В том же году парижский журнал «Revue Germanigue» напечатал перевод на французский язык поэмы Шиллера «Орлеанская дева», выполненный Павловой. Всегда относившаяся к оригиналу с большим уважением, Каролина Павлова несомненно оказалась самым корректным переводчиком своей эпохи.
Портрет работы К. А. Молдавского 1841 года изображает вполне привлекательную светскую даму в светло-голубом вечернем туалете – никаких псевдорусских сарафанов. Модная прическа с длинными локонами, подобранные со вкусом украшения: четыре нити крупного жемчуга на шее, затейливый браслет на левой руке.
Каролину недолюбливали за чопорность, громадное самомнение и необоримую страсть зачитывать всех и каждого своими стихами. Цензор Александр Никитенко, благодаря мемуарам которого современный читатель узнает много интересного о литературной жизни той эпохи, находил, что она «страшно всем надоедает своей болтовней и навязчивостью», а говорить способна только о себе.
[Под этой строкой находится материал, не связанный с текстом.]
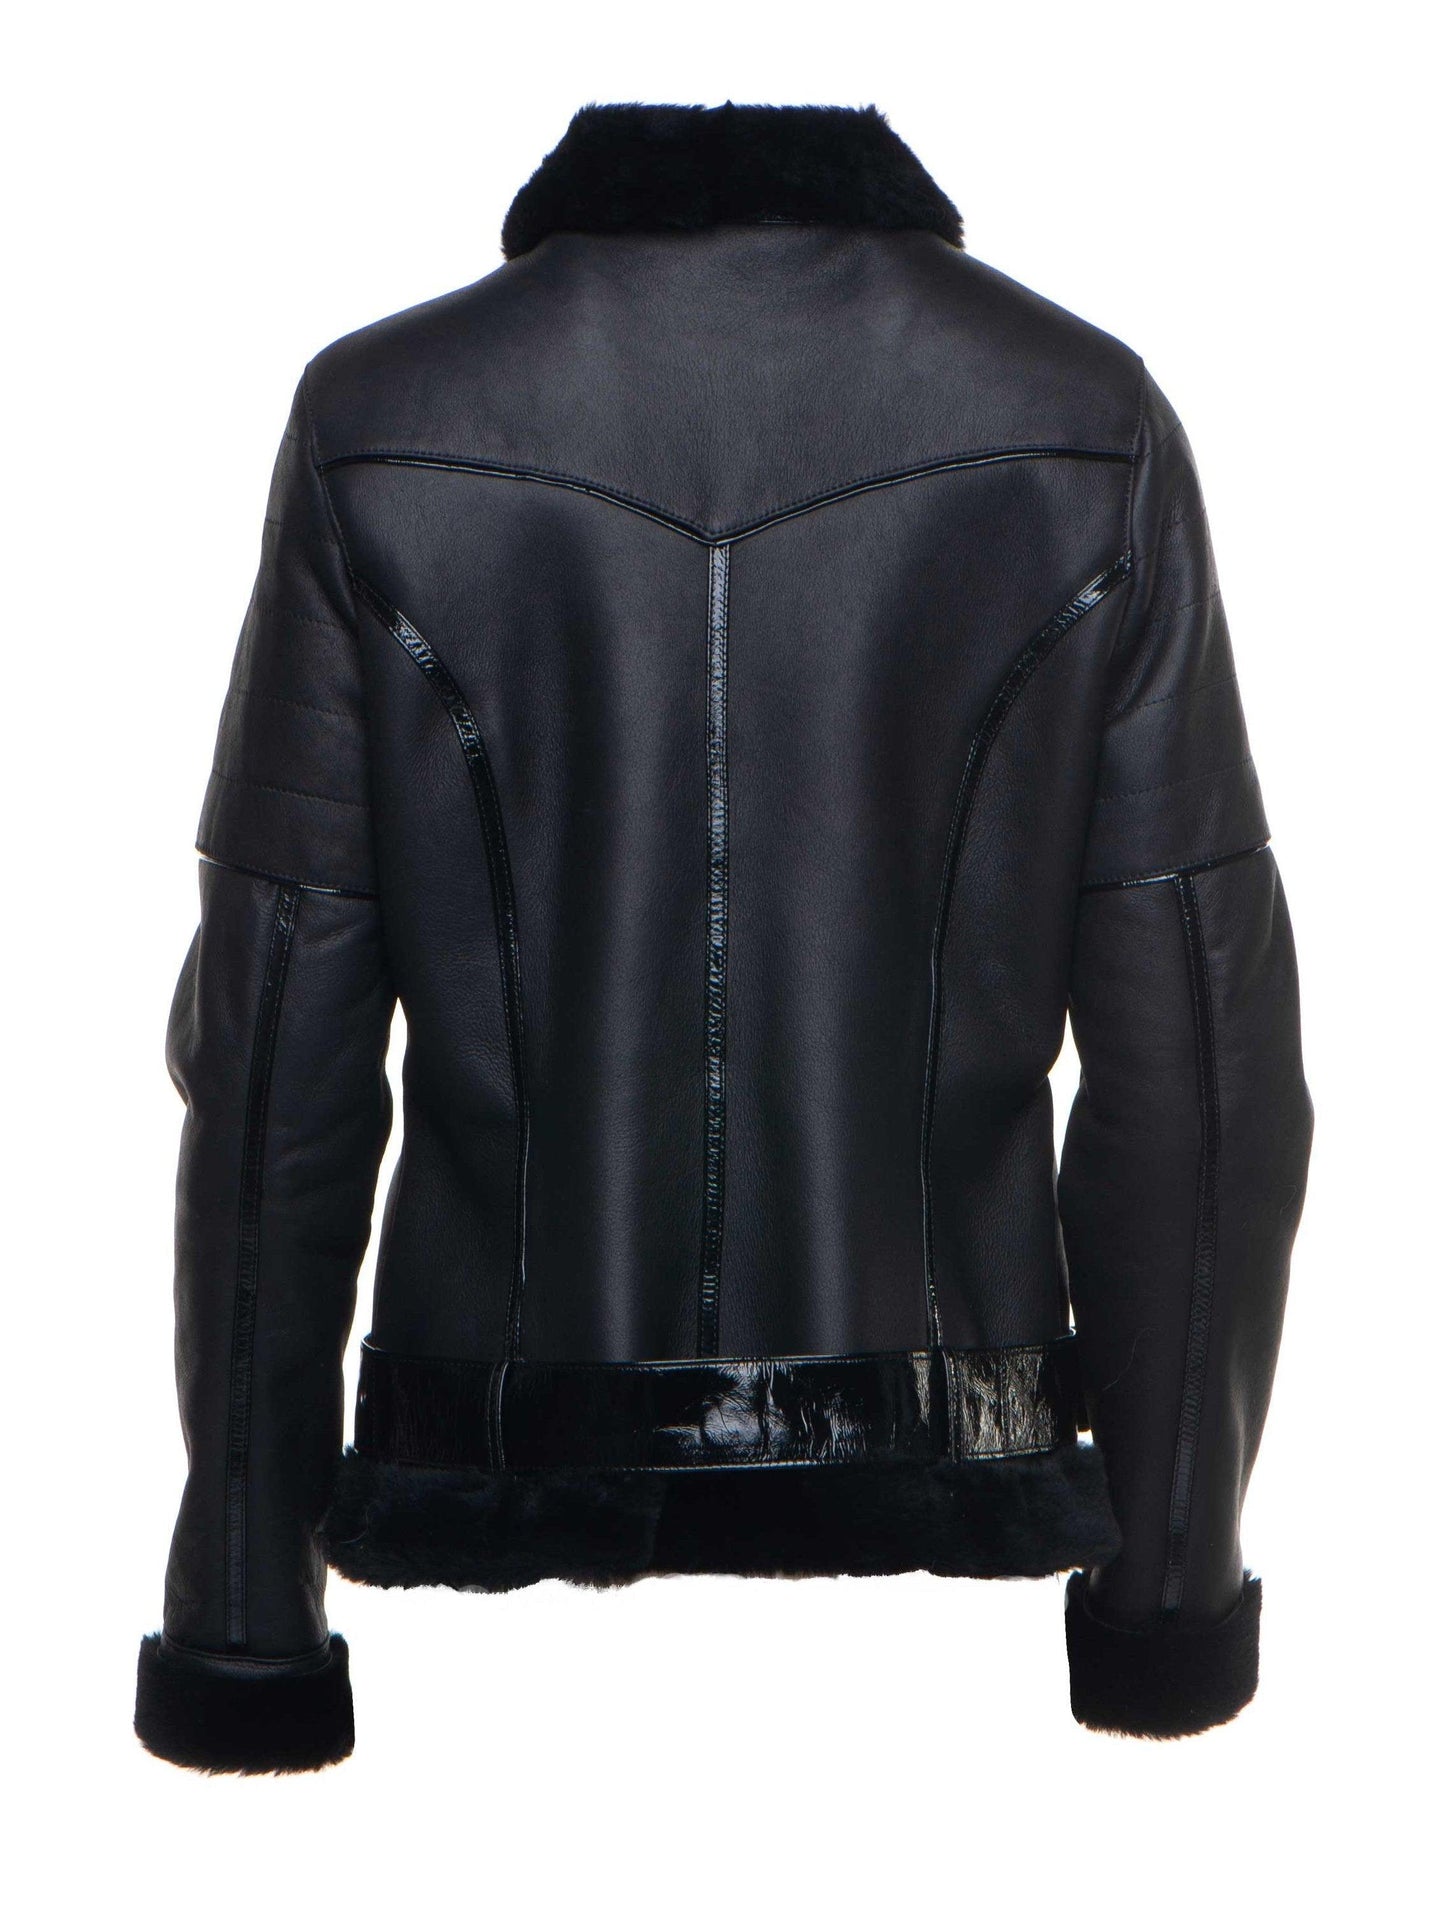 Tasha's B-3 Bomber Black Sheepskin Shearling Style Jacket For Women - Leather Loom

Друзья Павлова судили более объективно: «Была она, впрочем, женщина не совсем обыкновенная. При значительной сухости сердца она имела некоторые блестящие стороны. Она была умна, замечательно образованна, владела многими языками, и сама обладала недюжинным литературным талантом. Собственно поэтической струны у нее не было: для этого недоставало внутреннего огня; но она отлично владела стихом, переводила превосходно, а иногда ей удавалось метко и изящно выразить мысль в поэтической форме. Но тщеславия она была непомерного, а такта у нее не было вовсе. Она любила, кстати и некстати, щеголять своим литературным талантом и рассказывать о впечатлении, которое она производила. Она постоянно читала вслух стихи, и свои, и чужие, всегда нараспев и с каким-то диким завыванием, прославленным впоследствии Соболевским[25]
в забавной эпиграмме. Бестактные ее выходки сдерживались, впрочем, мужем, превосходство ума которого внушало ей уважение».М. Ю. Лермонтов по своим связям и знакомствам принадлежал к высшему обществу и был знаком только с литераторами, принадлежавшими к свету, с литературными авторитетами и знаменитостями. Николая Филипповича поэт знал давно; правда, о его стихах был невысокого мнения. Полагают, что некоторые черты характера Павлова отразились в образе главного героя лермонтовского «Маскарада» Арбенина: он также пользовался репутацией одержимого и подозрительного в карточной игре человека.
В повести Лермонтова «Княжна Мери» исследователи, начиная с С. П. Шевырёва, видели отголоски повести Павлова «Ятаган». Подобие сюжетных ситуаций двух повестей подчеркивалось мотивом «солдатской шинели», которую носит герой повести Павлова, молодой человек Бронин. За дуэль с адъютантом он разжалован в солдаты – и это увлекает юную княжну, которую полюбил герой. «Для неё он был жертвой зависти, гонений, человек, против которого вселенная сделала заговор…» В сравнении с благородным Брониным, который предпочёл бесчестью преступление и смерть, лермонтовский Грушницкий воспринимается как его двойник-подражатель, строящий свою жизнь по литературной модели, которой и становится в романе «Герой нашего времени» неназванная прямо повесть Павлова.
Заехав в Первопрестольную по дороге в ссылку на Кавказ, Лермонтов пробыл в Москве почти весь май 1840 года. Он познакомился с московскими славянофилами (по словам Е. Ростопчиной – это Хомяков и его шумливые, нечесаные, немытые приверженцы), посещал салоны Павловых и Свербеевых. К Каролине Павловой Лермонтов относился с большим почтением, высоко ценил ее переводы и некоторые оригинальные стихотворения. В альбоме поэтессы сохранился автограф его стихотворения «Посреди небесных тел». И перед второй ссылкой на Кавказ, подавленный и грустный, свой последний вечер в Москве он тоже провел в салоне Павловых.
«Каролина все теребила его, пыталась вовлечь в разговор, но ее усилия были напрасны. Он уехал грустный. Ночь была сырая. Мы простились на крыльце», – записал Ю. Самарин в своем дневнике, вспоминая этот вечер уже после известия о смерти поэта.
В феврале 1843 года Каролине Карловне был представлен А. И. Герцен (Павлов уже был с ним знаком). Герцен сразу отметил незаурядность личности Павловой. «Из людей видел одного, да и тот женщина, т. е. Павлова, – ее голос неприятен, ее вид также не вовсе в ее пользу, но ум и таланты не подлежат сомнению. Больше на первый случай ничего не могу сказать», – записал он в дневнике.
Каролина отдавала много времени литературным трудам, что вызывало недовольство ее знакомых. Князь Черкасский заметил: «Мне противны женщины, которые из ума своего делают что-то вроде ремесла, как К. Павлова и гр. Ростопчина».